A woman has been charged with attempted sale of her one-month-old baby for Sh20,000.
Phibi Machesa was accused of trying to sell the infant to Francis Burimo Osiolo and Catherine Akinyi, under the pretext that the buyer was to adopt the boy.
Burimo also faced child trafficking charges before Thika Senior Resident Magistrate Oscar Wanyaga. They were charged with promoting child trafficking. However, the three accused persons denied the charges.
According to the prosecution, Machesa allegedly initiated the adoption process of her son, codenamed PSM, while intending to traffic him.
The court heard that the two were arrested on August 2 near Allsops in Nairobi county, where the deal was to be sealed.
In her plea to the court for leniency, Machesa said she only intended to give the baby to Burimo after she suffered financial constraints.
The magistrate ordered an interrogation of the three by the probation officer, and a report should be made and presented before the court on August 17. It is on the mentioning date that the court will issue bond terms.
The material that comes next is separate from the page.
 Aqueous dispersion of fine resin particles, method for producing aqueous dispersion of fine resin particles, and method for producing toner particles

Speaking before the case began, Machesa’s husband, Sadick Wasike, said she intended to sell the baby to the other accused persons for Sh20,000.
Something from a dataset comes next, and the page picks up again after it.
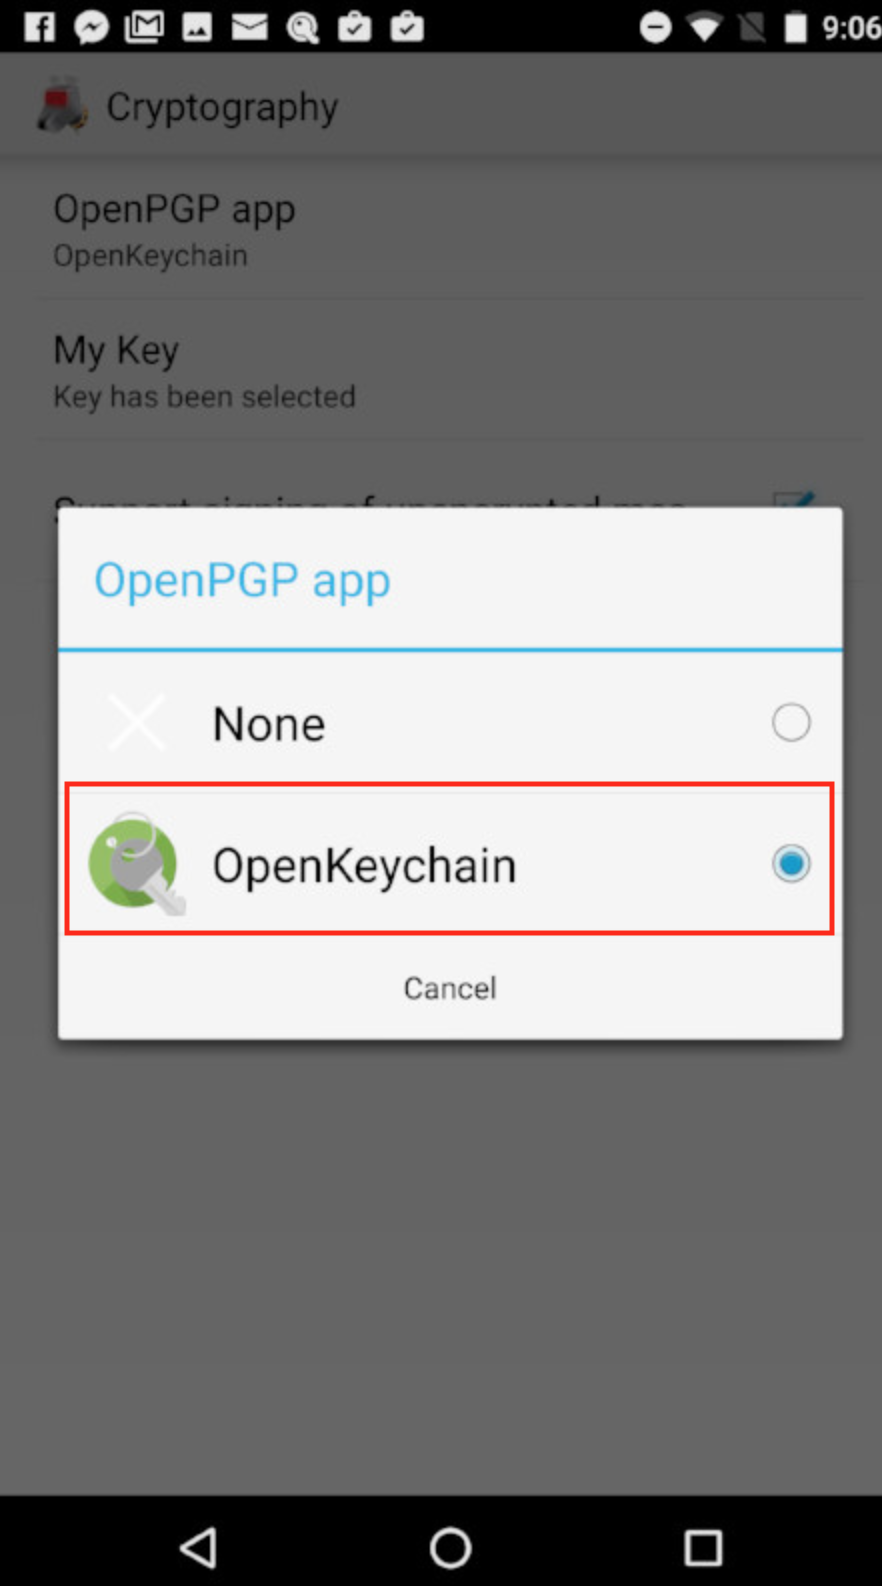 K-9 OpenKeychain

Wasike, 37, said Machesa had already received Sh9,000 as a down payment and was scheduled to receive the remaining amount in due course.
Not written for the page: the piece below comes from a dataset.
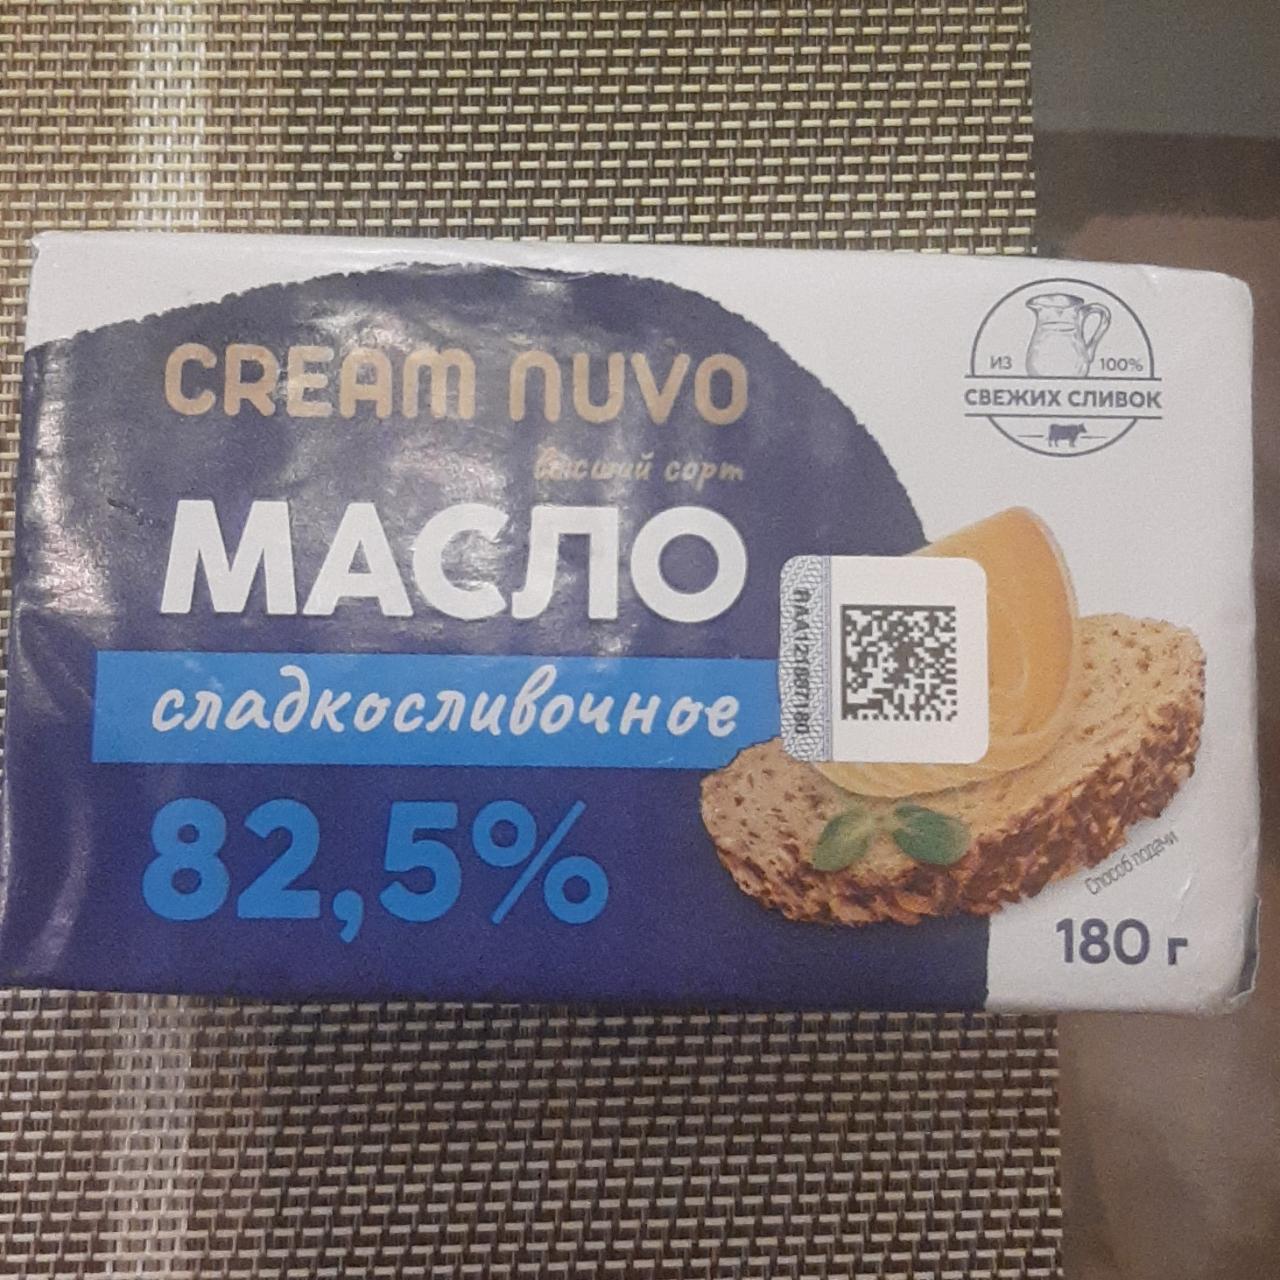 Фото - Масло сладкосливочное 82.5% Cream Nuvo

“My problem with Phibi started on Wednesday last week when Machesa refused to breastfeed our son only for her to vanish with the baby when I left for the day,” Wasike said.
She would later call her husband saying the baby had been admitted at Thika Level Five Hospital and that he should take care of their other small child.
After a lengthy interrogation by Wasike and friends, Machesa said she had taken the baby to a security guard at Pumwani Hospital where they went only to find out that the child had not been admitted.
Officers from Makongeni police station in Thika led by OCS Ireri Nyaga on Wednesday laid a trap at Allsops where they arrested the three and rescued the baby.
The baby was later given back to the father after medical examinations.
Under the current law, a person who commits an offence under Section 4 (2)(3) of the counter-trafficking in Persons Act of 2010 is liable to imprisonment for a term of not less than 30 years or a fine of not less than Sh20 million or both upon a subsequent conviction.